I have two large tables that I am joining using an intermediate mapping table (details of structure below).
I am trying to join all three on t1.date = t2.date
and t1.id_a = int.id_a
and int.id_b = t2.id_b
I also have a where clause that restricts the data to a very specific range of the date column (result set is ~25k rows).
Running either the join of table 1 and the int table (with where clause) or the join of table 2 with the int table (with where clause) takes literally 2 seconds each.

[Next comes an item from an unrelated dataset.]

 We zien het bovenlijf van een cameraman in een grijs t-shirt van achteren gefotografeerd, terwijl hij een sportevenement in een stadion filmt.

It should then be trivial to join these two results sets that are around 37k rows for table 1 and 200k rows for table 2.
Instead it consistently takes 8 minutes for this query:
select t1.date, t1.id_b, t1.other_cols, t2.other_cols
from t1
inner join t_int on t1.id_a = t_int.id_a
inner join t_2 on t2.date = t1.date and t2.id_b = t_int.id_b
where t1.date between '2018-10-21' and '2018-12-10'
In the estimated (and actual) execution plan, SQL Server says it will do:
- clustered index seek on t1, seeking my date range (cost 33%)
- compute scalar t.id_a (cost 0%)
- clustered index seek on t2, seeking my date range (cost 33%)

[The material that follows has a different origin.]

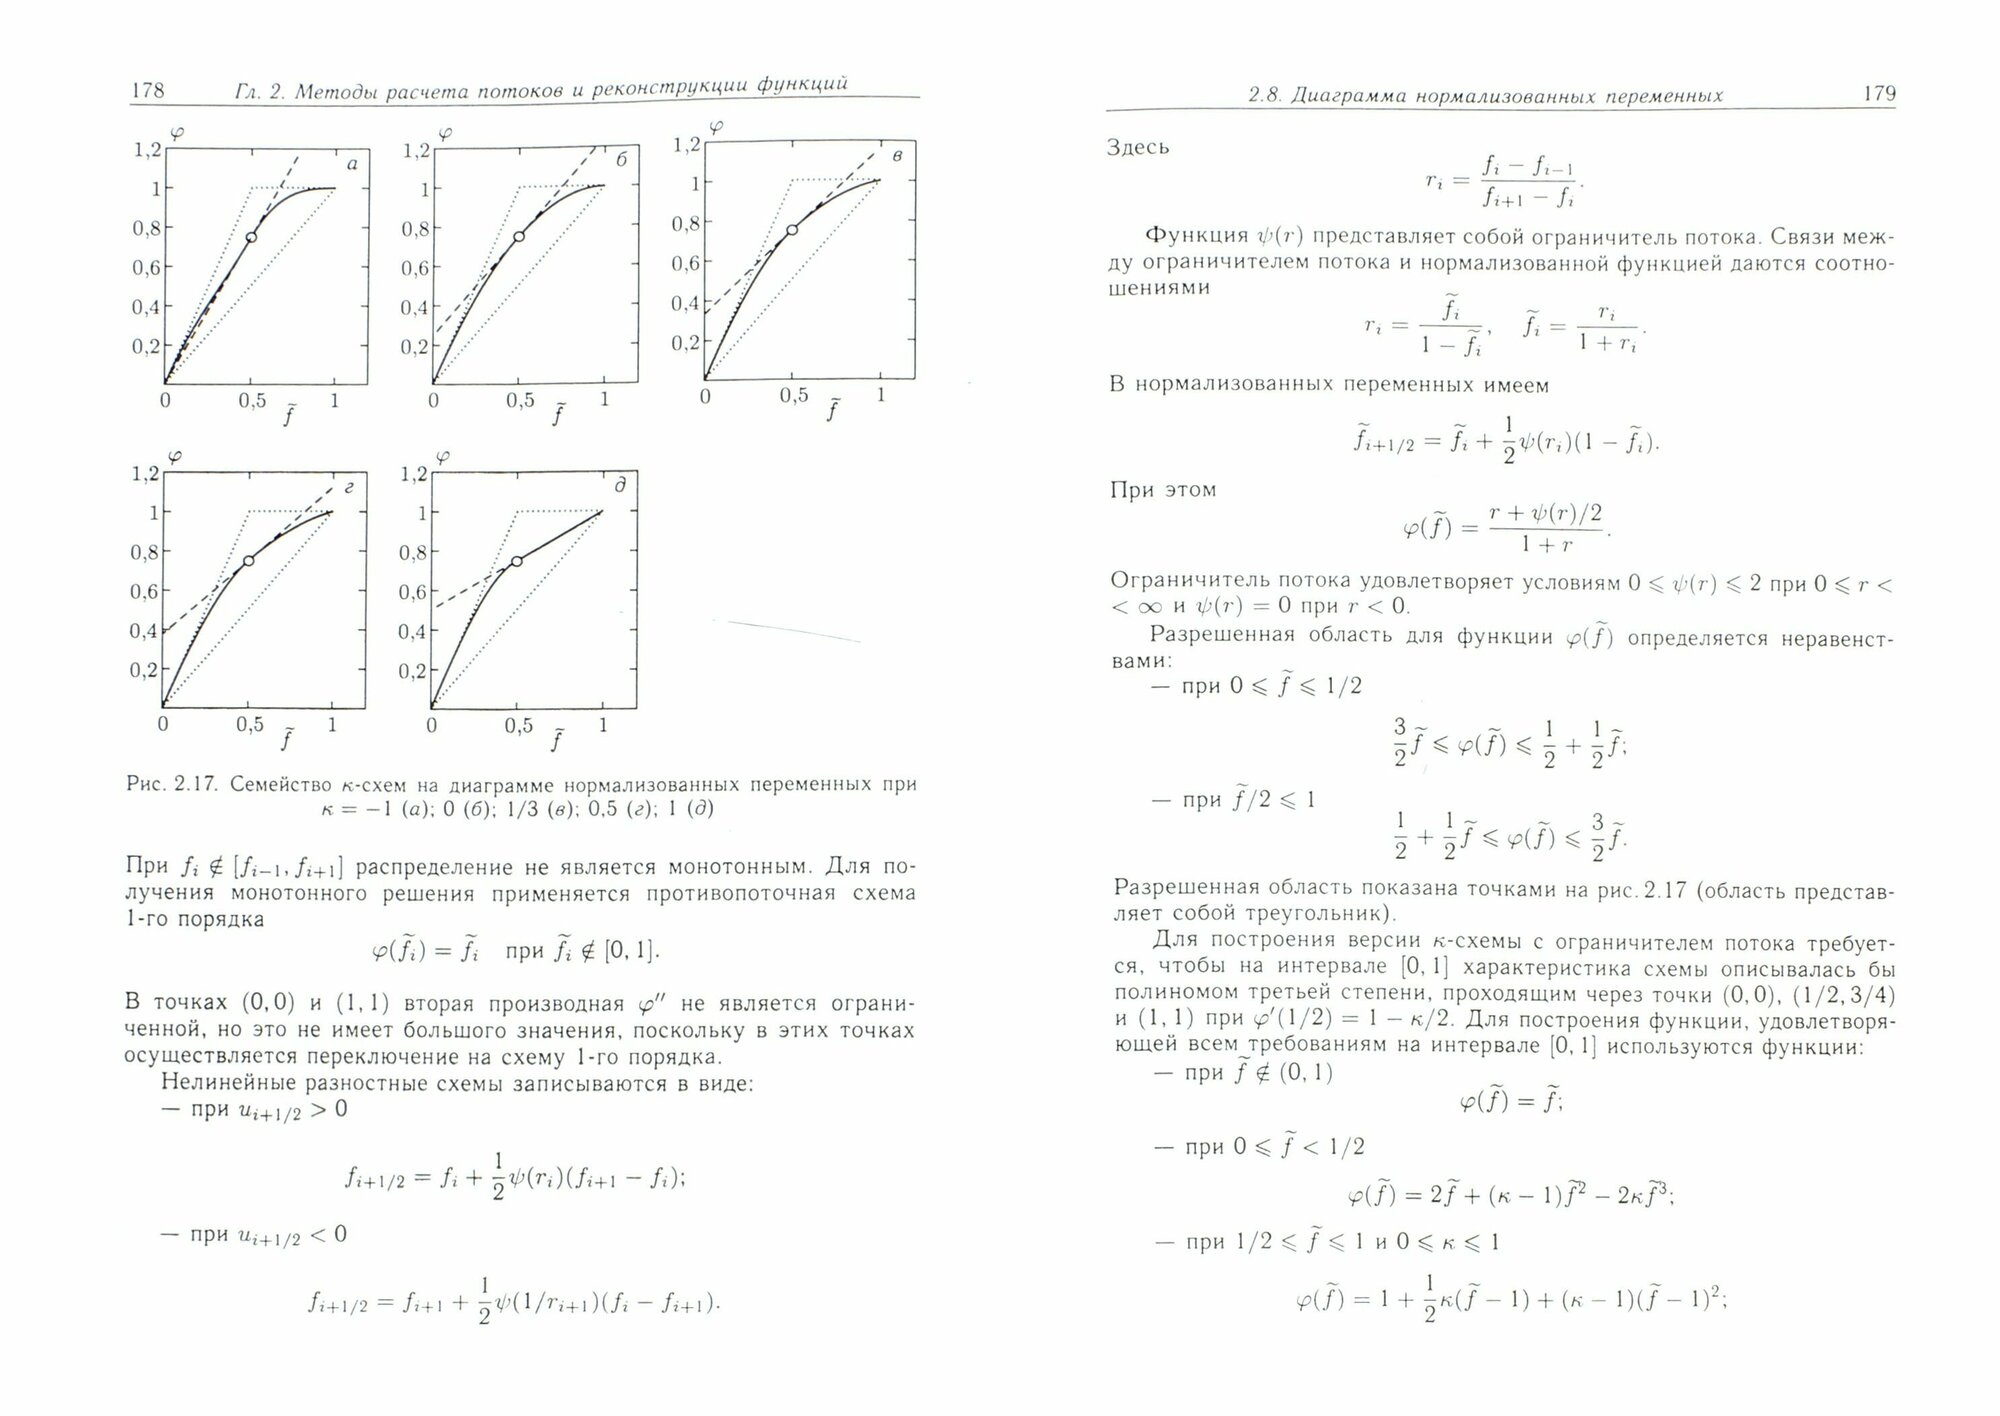 Разностные схемы в задачах газовой динамики на неструктурированных сетках - фото №2

- nested loop to join [2] and [3] (cost 0%)
- non clustered index seek on t_int, seeking t_int.id_a = t1.id_a and t_int.id_b = t2.id_b (cost 33%)
- nested loop to join [4] and [5] (cost 0%)

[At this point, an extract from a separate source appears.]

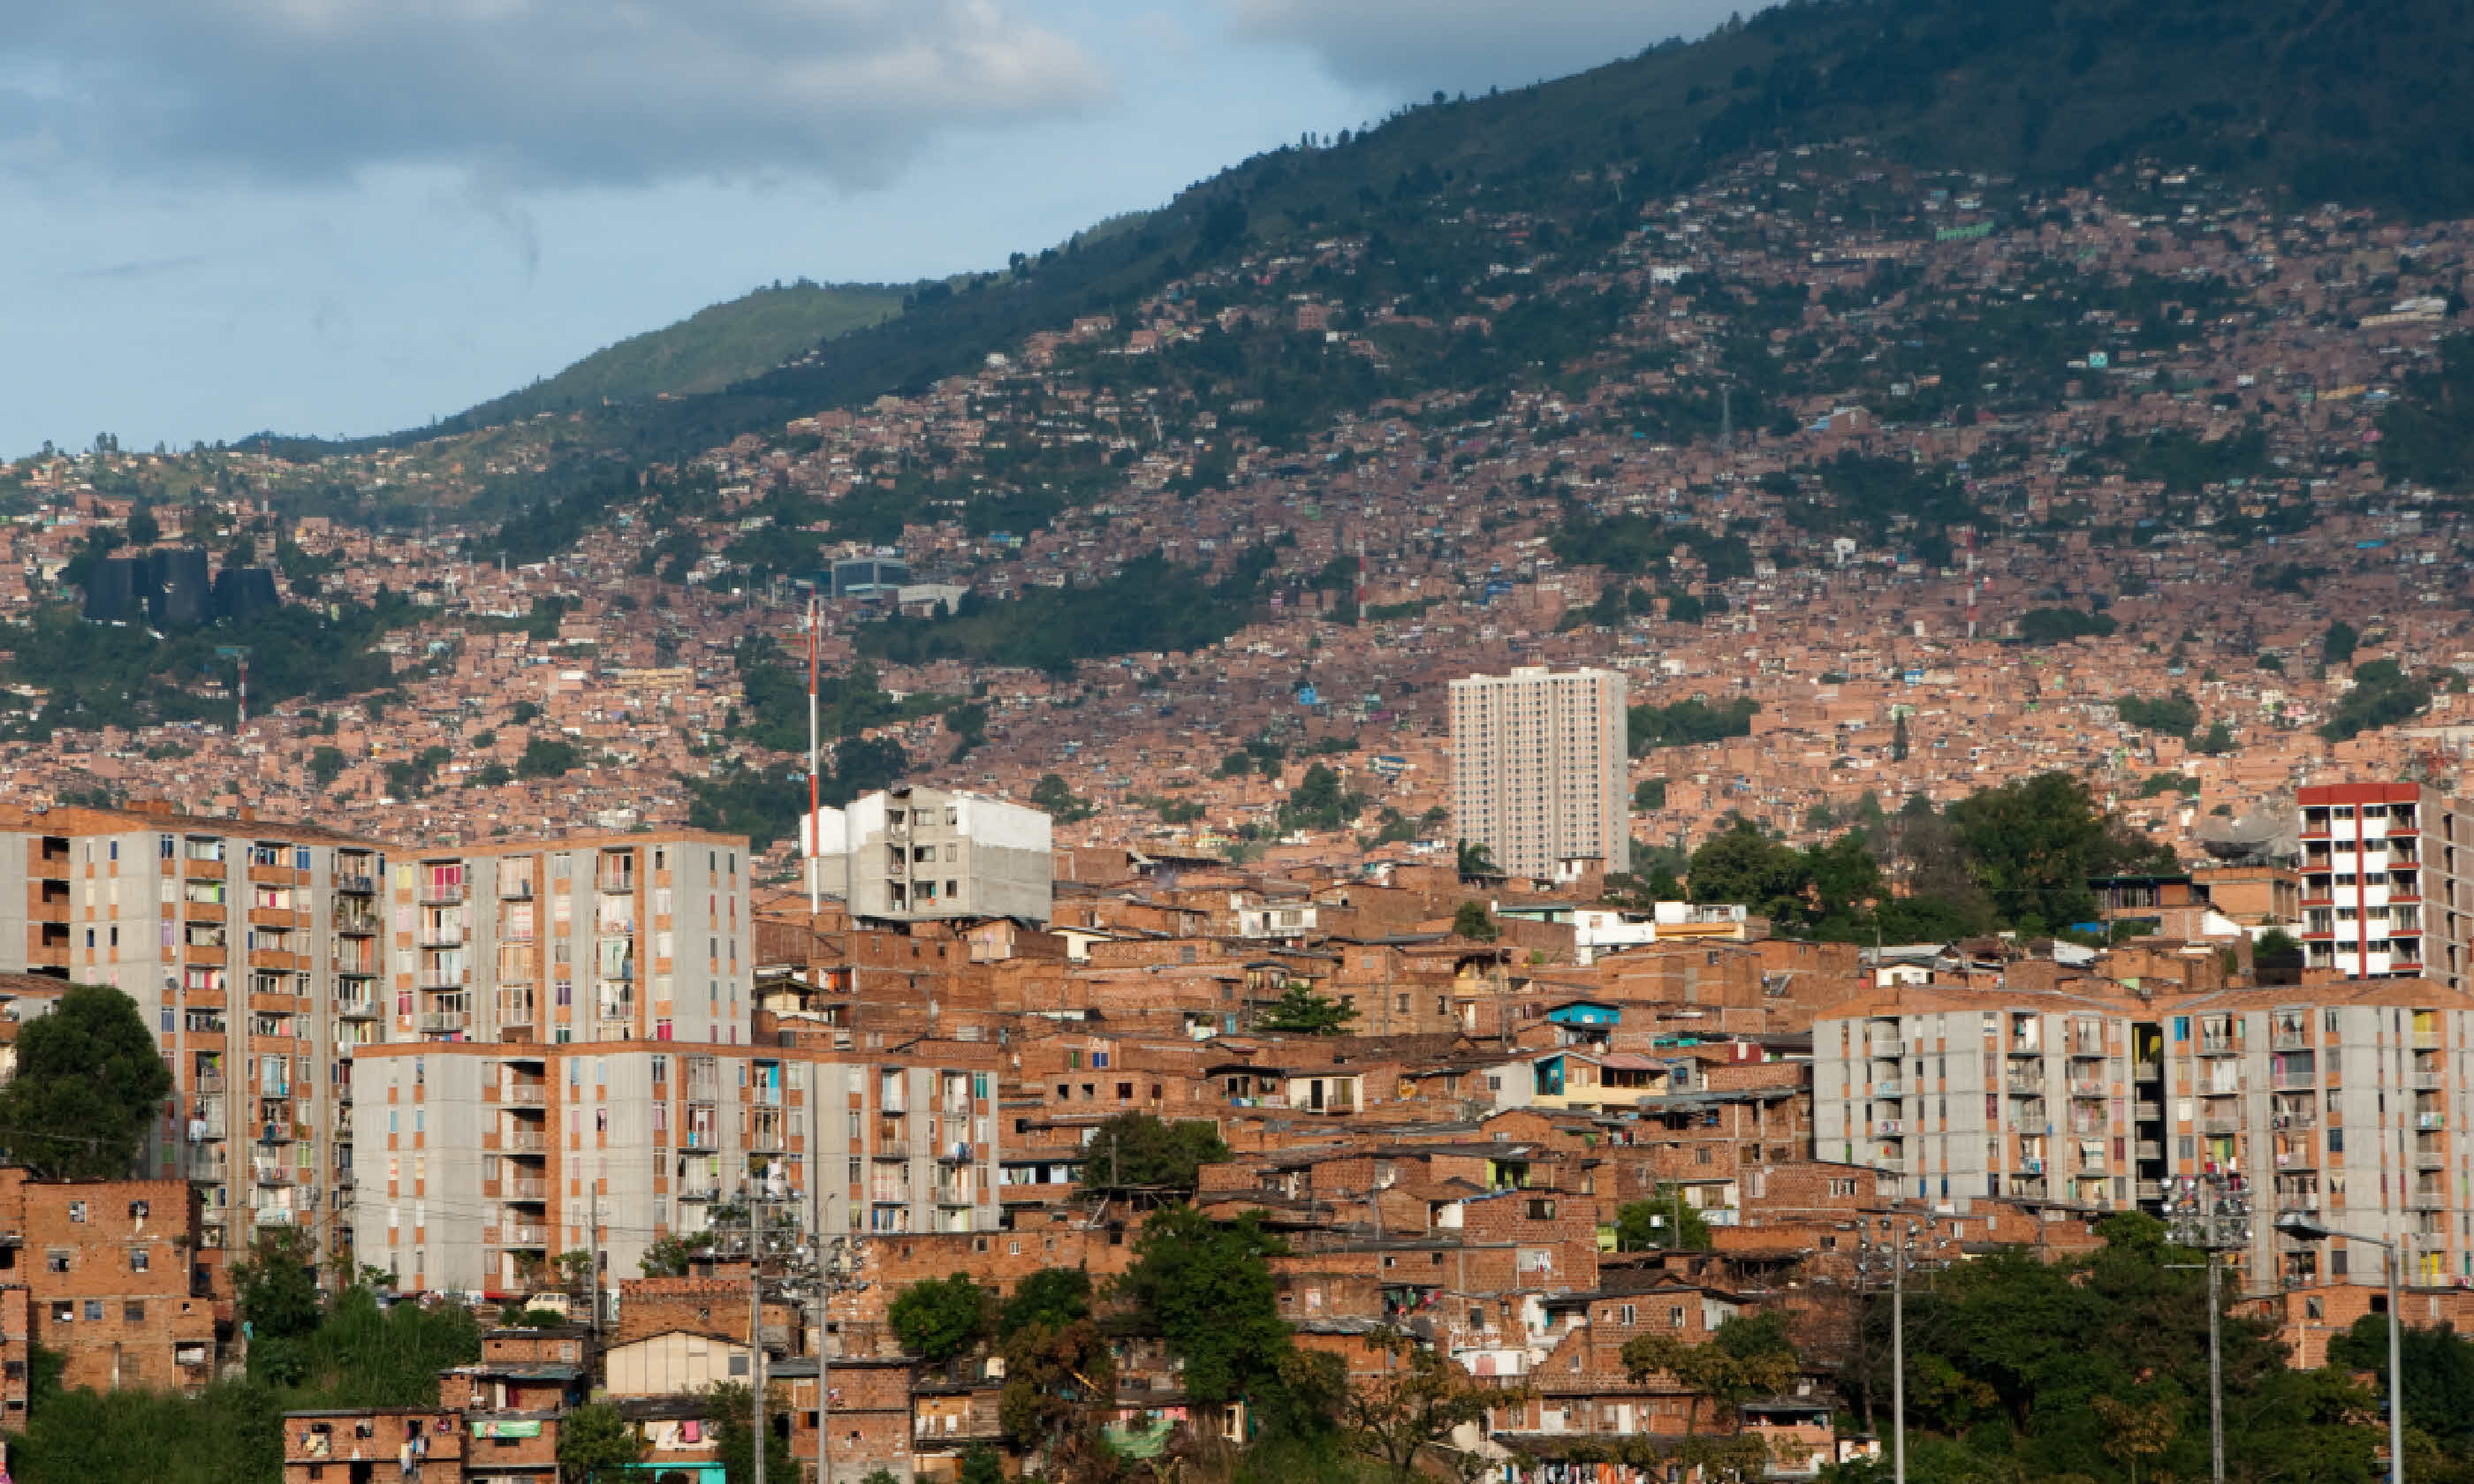 Cityscape of Medellin (Shutterstock: see credit below)

- compute scalar t.date, t_int.id_b (cost 0%)
Table 1:
date,
id_a,
other columns
(3.2m rows, date and id_a are primary key w clustered index)
Table 2:
date,
id_b,
other columns
(18.5m rows, date and id_b are primary key w clustered index)
Mapping table:
id_a,
id_b,
other columns
(35k rows, id_b is primary key w clustered index, additional non_clustered index on [id_a, id_b, other_col
])
There are no other indexes and no constraints at all (apart from the mentioned primary key constraints).
I have already rebuilt the index on t2
Can anyone help with what I need to do?
I had already rebuilt the index on t2 because it was fragmented. But I hadn't rebuilt the index on t1 or t_int since they looked fine.
Thanks to Mohammad Mohabbati's suggestion in the comments, I rebuilt them all and the query now runs in less than 1 second.
So the answer here, which may be useful to others with similar problems, is "rebuild all the indexes, even if they look fine"